Tue Jul 21 17:29:23 CEST 2009

--On Tuesday, 21 July, 2009 10:00 +1000 Chris Wright
<chris at ausregistry.com.au> wrote:

>... 
>> Now, what goes on between the registrar and the user to
>> identify the relevant U-label is, well, between the registrar
>> and the user.  My personal recommendation is that registrars
>> stay as close to expecting U-labels from users as possible,
>...
> I 100% agree and understand that the 'real' label is the
> U-label that has a 1-1 corresponding relationship with an
> A-label, registries should only deal with U-labels/A-labels
> and the rationale for all of that makes sense.
> 
> So I guess what you are saying is that by stating that
> registries should only accept Labels in NFC form with protocol
> valid code points (PVALID or CONTEXTx) you are implicitly
> saying that someone (probably registrars) SHOULD apply NFC to
> any string before sending it to the registry, and then by
> virtue of the fact that all uppercase code points are not
> protocol valid, you are implying that 'someone' SHOULD
> lowercase / case fold names before sending them through, and
> then further implying that because all of this is done on
> registration, application developers SHOULD do the same thing
> before looking up names?

No.  We have a slightly different model here.  First of all, I
believe that the question of how to balance letting the users
know what is actually happening and trying to keep them
relatively close to it versus trying to do a lot with smoke and
mirrors to yield a better and more convenient experience is a
very complex one, involving equally complex tradeoffs.  The
observation that domain names are used as identifiers, or parts
of identifiers, further complicates the tradeoffs, especially
when (as is the case here), different types of systems are going
to try to compare those identifiers in different ways, sometimes
following whatever standards are applicable.  So we have URIs
compared by string matching with rules in some places that, if a
string match doesn't work, the URIs are different.  We have
domain names compared by string matching, by comparing query
results, by resolving aliases and then doing string matching, by
noticing that part of the string is an IDN and comparing ACE
forms (as IDNA2003 requires but IDNA-unaware applications may
not know about),and possibly in other ways, most of them varied
by the observation that "string comparison" is conditioned by
the "case-insensitive matching that assumes ASCII if the high
bit in an octet isn't set" rule that seems very odd if stated
that way.

My own guess is that, as a community, we will never completely
agree about the right way to make those tradeoffs.  And,
regardless of what this WG does, there will be inconsistencies
in behavior because there are many sets of standards applicable
to different uses of those identifiers and they are not, beyond
a certain point, consistent (even if they were always followed).
There are also some common practices that are not standards,
such as use of UTF-8 directly (with rules and restrictions
different from the IDNA ones) for identifiers that the user
cannot tell from DNS-based identifiers.

> My concern is about when users cannot (or do not) input
> U-labels that we describe how to make a U-label. I understand
> that this is broad and thus possibly impractical, but if we
> assume the starting point is a Unicode string we should be
> able to describe something. 

One answer is that particular assumption is not justified, as
pointed out in the mapping document and in earlier versions of
Rationale and Protocol.  Another is that it has to be the
responsibility of the application or API that ultimately calls
on IDNA (or the operating system in which it is embedded) to get
that straightened out and to do so in a way that is compatible
with other things that it is doing.   It would be, at least IMO,
even more unreasonable to ask users to type IDNs in some special
and unusual way than it would be to force them into escaping
characters in just to get U-labels directly (of course, even
that tactic would not work if the local system's base user
interface character set is not Unicode-based).
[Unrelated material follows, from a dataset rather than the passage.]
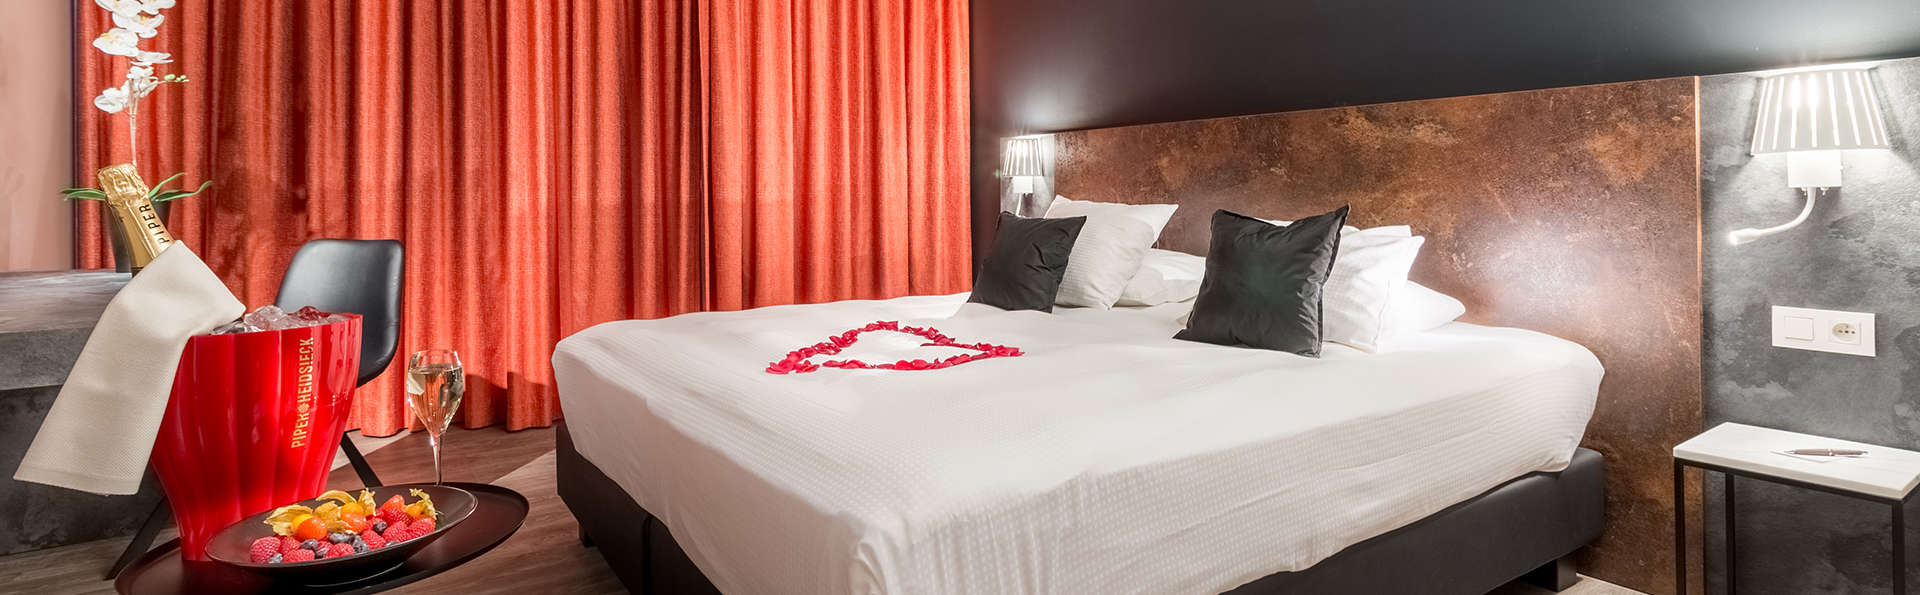 Laissez-vous tenter par un séjour romantique à Bruxelles

So we are not "describing how to make a U-label", precisely
because we would have to consider making that description
differently for each relevant operating system or embedded
environment.  What we have said, all along, is "by the time this
gets to IDNA, it must be in this form and contain only these
characters".   The mapping document supplements that very
general requirement by identifying cases for which there is
fairly general agreement that mapping is desirable to avoid
confounding very obvious user expectations.  Going further than
that puts us at greater risk of making the kinds of decisions
that many of us feel would put us at an inappropriate point in
the "smoke and mirrors" direction because what the user would
see on translation from a stored A-label to a U-label might look
too different from what the user put in.

As some level, those considerations might reasonably apply to
the registration side as much as to the lookup one.  But, in
addition to some other issues (which I hope are adequately
covered in Rationale), the WG concluded that it was especially
important on registration that the registrant be extremely clear
about what was being registered, about what the U-label was, and
that she be reinforced in the understanding that the canonical
U-label form is the "real" form of the label, to be used in any
context in which the "that form will always work" guarantee is
more important than, e.g., the preferences of a marketing
department.  We aren't telling those registrants what those
circumstances are -- we can't know and opinions and advice will
differ.

> We have algorithms that decide if
> a code point should be PVALID or not, surely the logic that
> was used in that instance would allow us to come up with a way
> those algorithms can be applied to turn a Unicode string into
> a U-label (I am not expecting that this will always be
> possible) I think the process described in the mapping
> document should be sufficient for most cases I.e. some form of
> case folding/lower case, width mapping, followed by NFC. I am
> concerned about the ordering though, on looking into it more
> the following concern comes up, regardless of where the
> mappings document places NFC, NFC will always need to be done
> as a last step anyway (as the registry expects the label to be
> in NFC form):

Well, at least it will need to be checked.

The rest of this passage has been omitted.